§ **Data for this task**:
┌──

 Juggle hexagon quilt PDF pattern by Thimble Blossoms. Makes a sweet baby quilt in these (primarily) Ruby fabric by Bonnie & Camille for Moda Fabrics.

└──
┌──

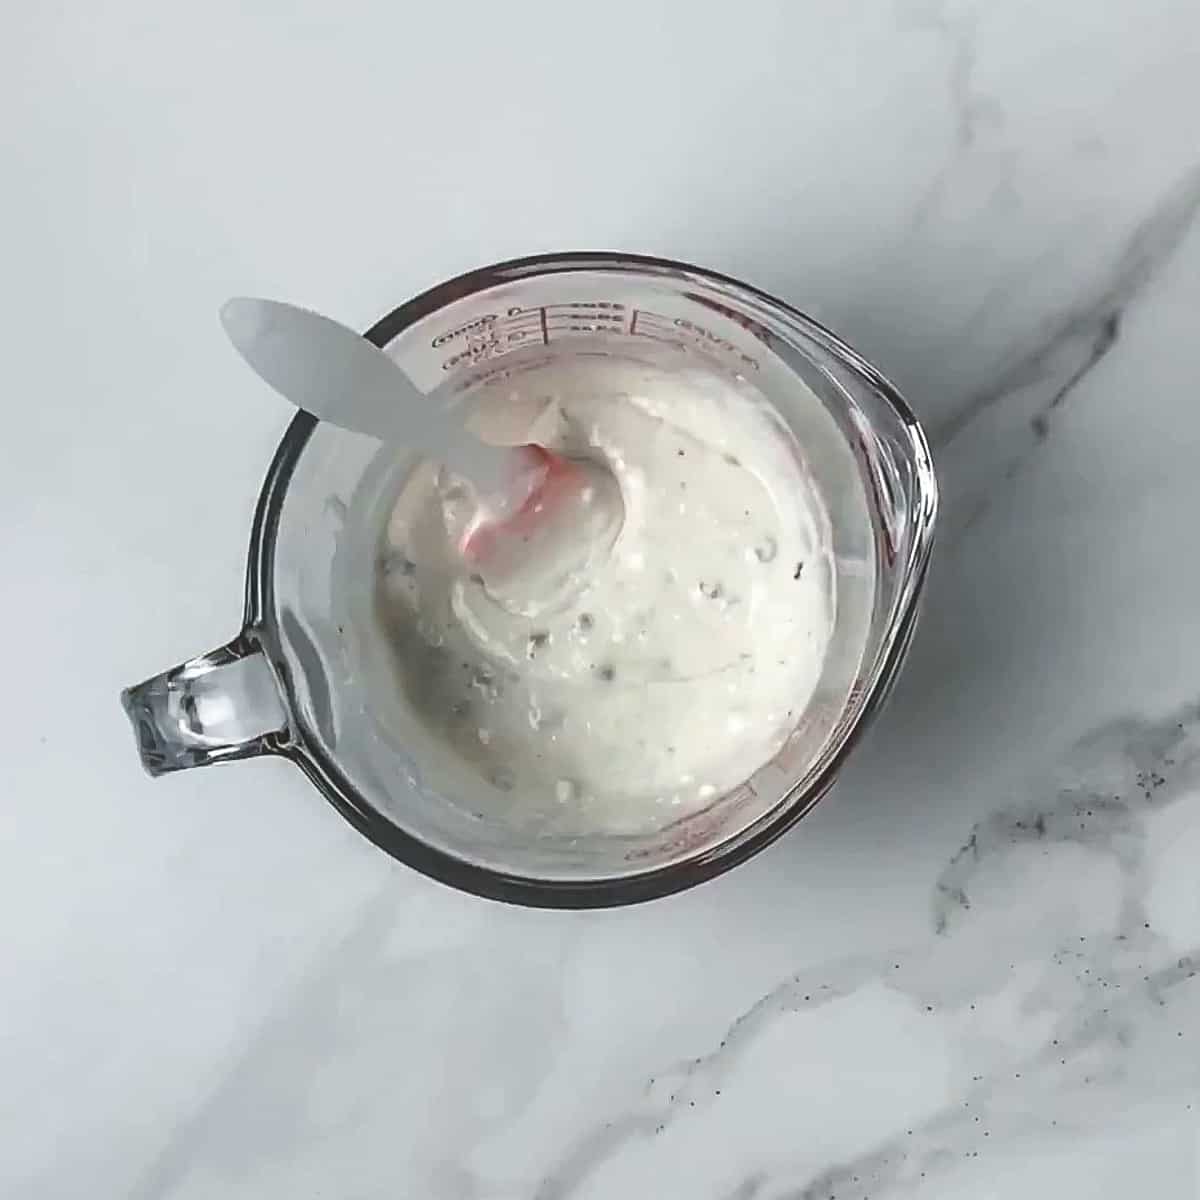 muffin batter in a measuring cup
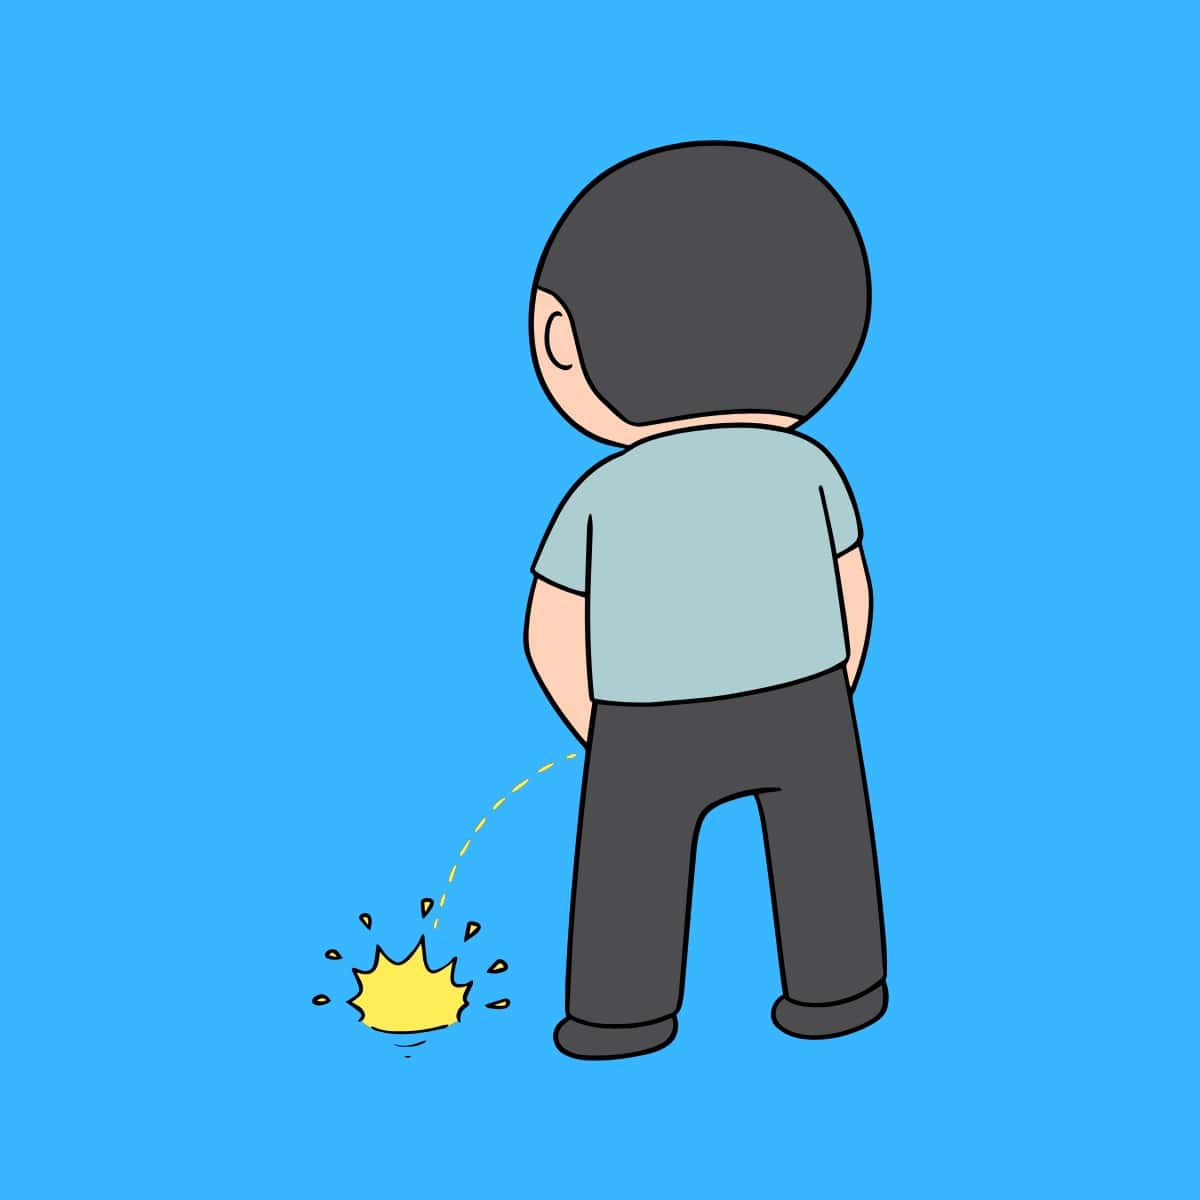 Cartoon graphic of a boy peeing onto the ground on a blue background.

└──

§ **Exercise goal**:
With the pictures omitted, copy exactly the lines of the listing above starting at the line containing "muffin batter in a measuring cup" and ending at the line containing "Cartoon graphic of", both included.

§ **Solution**:
 muffin batter in a measuring cup
 Cartoon graphic of a boy peeing onto the ground on a blue background.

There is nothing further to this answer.